Friday, August 26, 2016

A partisan coin flip for PolitiFact Florida?

A former staffer at the Cleveland Plain Dealer (the one-time PolitiFact Ohio affiliate) said the difference between one rating and another often amounted to a coin flip.

Such coin flips provide a golden opportunity for bias to swing the vote in one of PolitiFact's "star chamber" judgment sessions.

PolitiFact Florida gives us a wonderfully illustrative pair of examples:

Alan Grayson (D) vs  Patrick Murphy (D), May 16, 2016

Democrat Alan Grayson charged fellow Democrat and senate primary opponent Patrick Murphy with voting in favor of the House Benghazi committee. PolitiFact found Grayson's claim "Mostly  True." It would have been simply "True" except Grayson neglected to mention that Murphy defended his vote by saying he wanted the committee to clear Hillary Clinton's name.


Patrick Murphy (D) vs Marco Rubio (R), August 24, 2016

Democrat Patrick Murphy (same Patrick Murphy from the example above) charged Republican incumbent senatorial candidate Marco Rubio with voting against the Violence Against Women Act. PolitiFact Florida rated Murphy's claim "True," while pointing out that Rubio objected to changes made to the Act when it was submitted for reauthorization. Rubio said he favored the original wording.



But ... but ... but ...

We often encounter one knee-jerk defense when we compare two different and inconsistent ratings from PolitiFact: The circumstances were different!

Yes, the circumstances are always at least somewhat different when comparing two different fact checks. It's the difference between the two that makes them two different fact checks in the first place. The difference in circumstance only serves as a defense against the charge of inconsistency if the difference serves as a good explanation for the difference in ratings.

Grayson made a compound charge against Murphy, while Murphy made a simple charge against Rubio. That's a difference, but it only makes explaining the different ratings more difficult. PolitiFact Florida made no complaint against Grayson's charge that Murphy was in a small group of Democrats voting for the Benghazi committee. Averaging that "true" part of the rating with the less-true "voted for" part of the rating makes the latter even lower when considered by itself.

The difference in this case relies entirely on whatever criteria PolitiFact Florida used to figure out when it is okay to leave out context.

Coin flip?

 

PolitiFact has published definitions of its ratings. Two definitions are relevant to our comparison:
TRUE – The statement is accurate and there’s nothing significant missing.
MOSTLY TRUE – The statement is accurate but needs clarification or additional information.
From the two definitions above, it follows that Grayson's statement about Murphy needed clarification or additional information. Murphy's statement about Rubio, in contrast, had nothing significant missing.

It was significant that Murphy claimed his vote was intended to defend Clinton.

It was insignificant that Rubio claimed he supported the Violence Against Women Act minus the objectionable amendments.

Was this a pair of coin flips both won by Murphy?

The call for transparency

 

The Poynter Institute, which owns PolitiFact, supports the idea that fact checkers ought to exhibit transparency. In that spirit of transparency, we contacted the writer and editor of both fact checks to ask how they objectively determined when it was okay to leave out context.
The two of you collaborated on a parallel pair of fact checks dealing with charges that a candidate voted for a certain bill.

In one case Alan Grayson charged that Patrick Murphy voted to establish the House Benghazi committee. Your fact check found Murphy had made the vote but said he did it to clear Clinton. The fact check said Grayson should have included that context and dropped Grayson's rating down to "Mostly True."

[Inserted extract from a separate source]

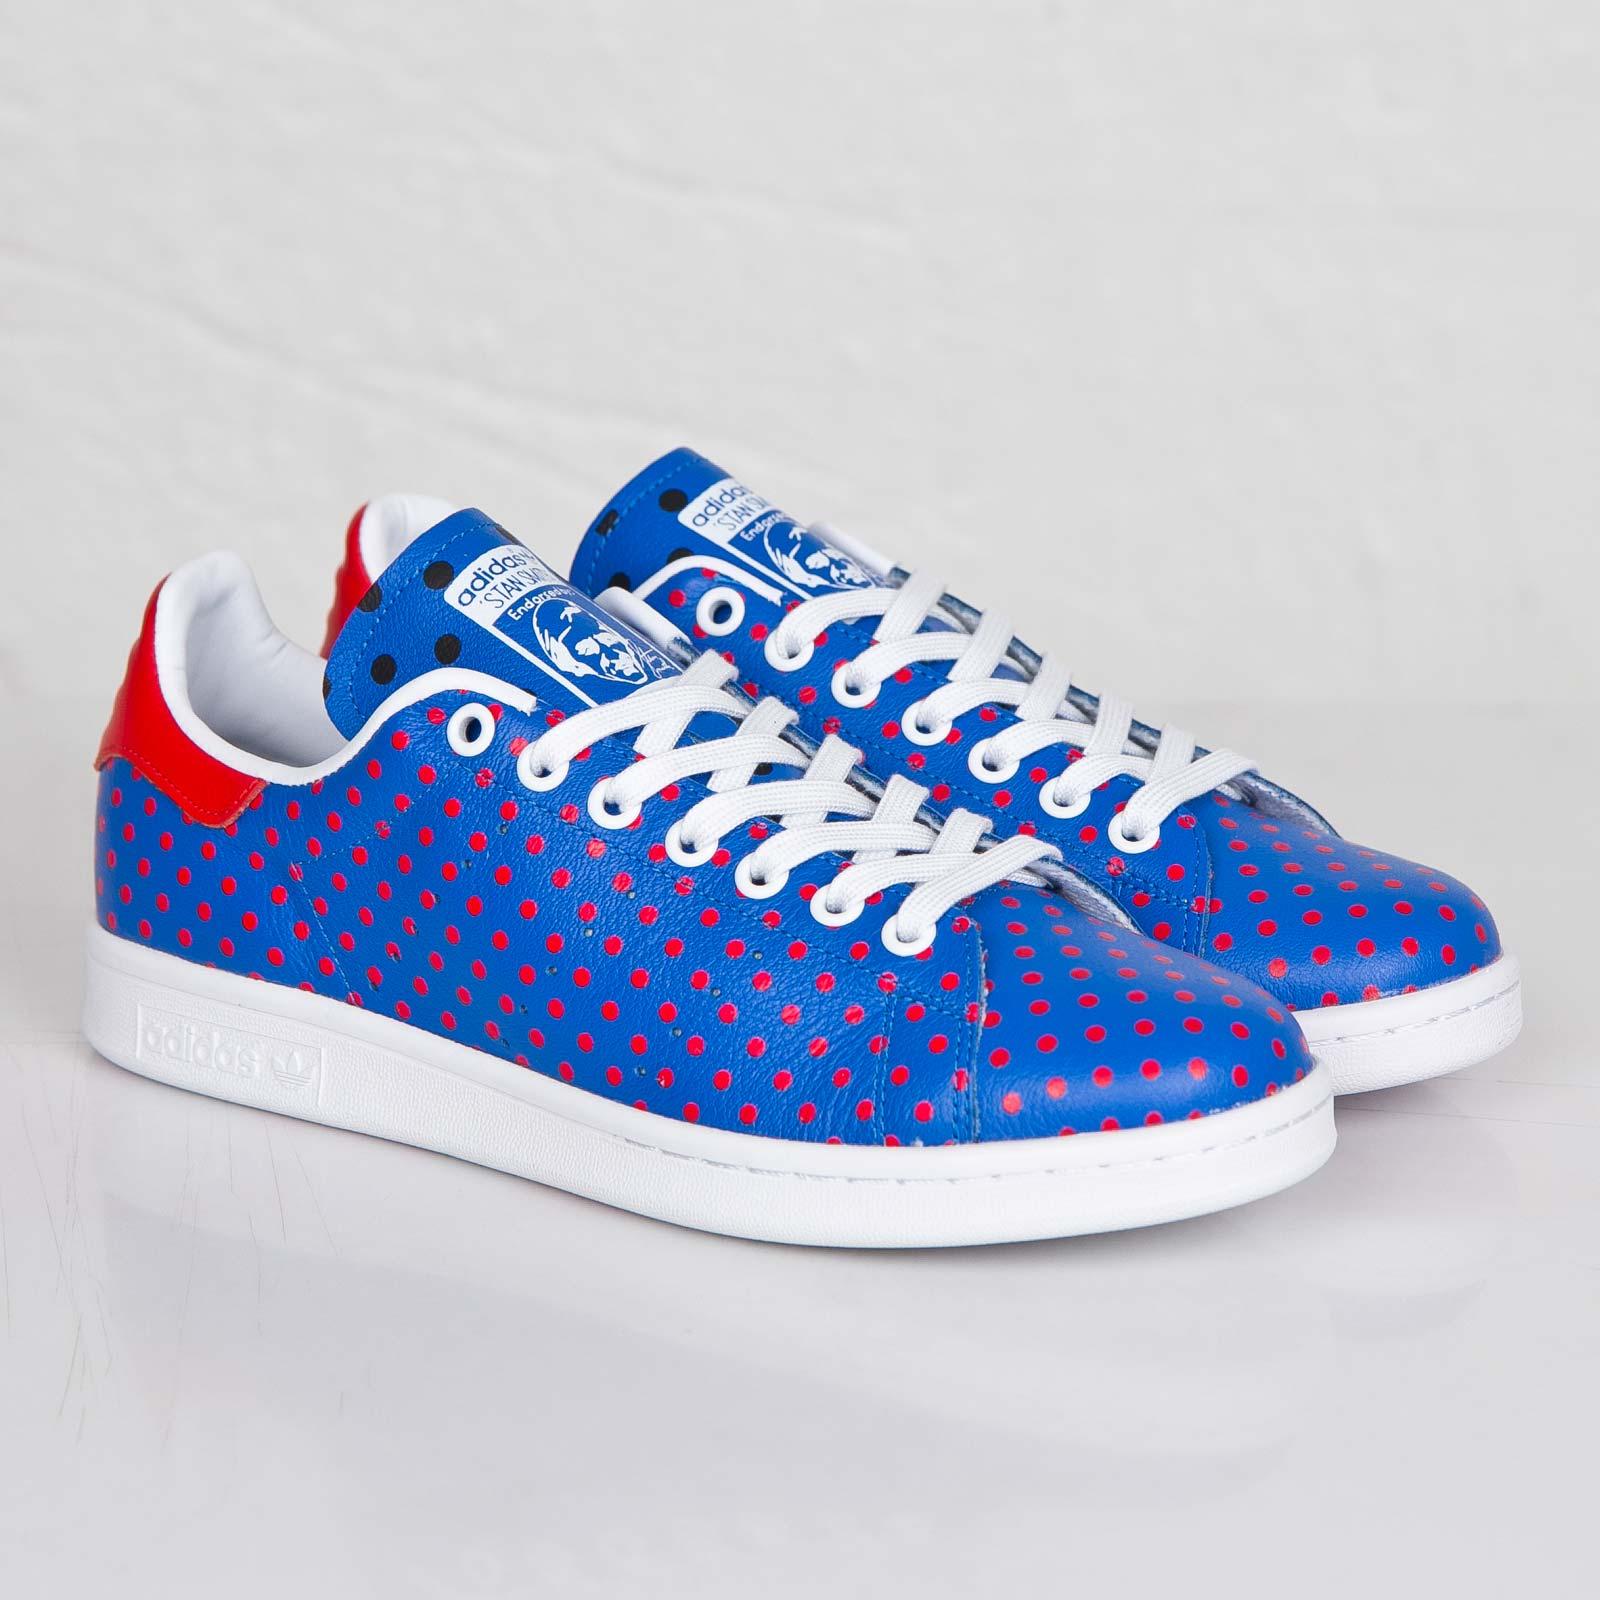 Adidas pw stan smith docup b25400 scarpe da ginnasticanstuff scarpe

In the second case the same Murphy said Marco Rubio voted against the Violence Against Women Act. Your fact check found Rubio had opposed the Act with his vote but he said he supported the original version of the bill (without amendments added for its re-authorization). The fact check rated Murphy's statement "True," implying that Murphy was at no fault for omitting Rubio's support for the original version of the VAWA.

In the interest of journalistic transparency (which I know PolitiFact publicly champions):

How does an objective and nonpartisan fact checker make the critical distinction between context that is properly omitted and context that should have been included?
We will transparently update this item if we receive any reply from PolitiFact Florida or its parent organizations.

Meanwhile, heads Murphy wins, tails Rubio loses. Coin flip.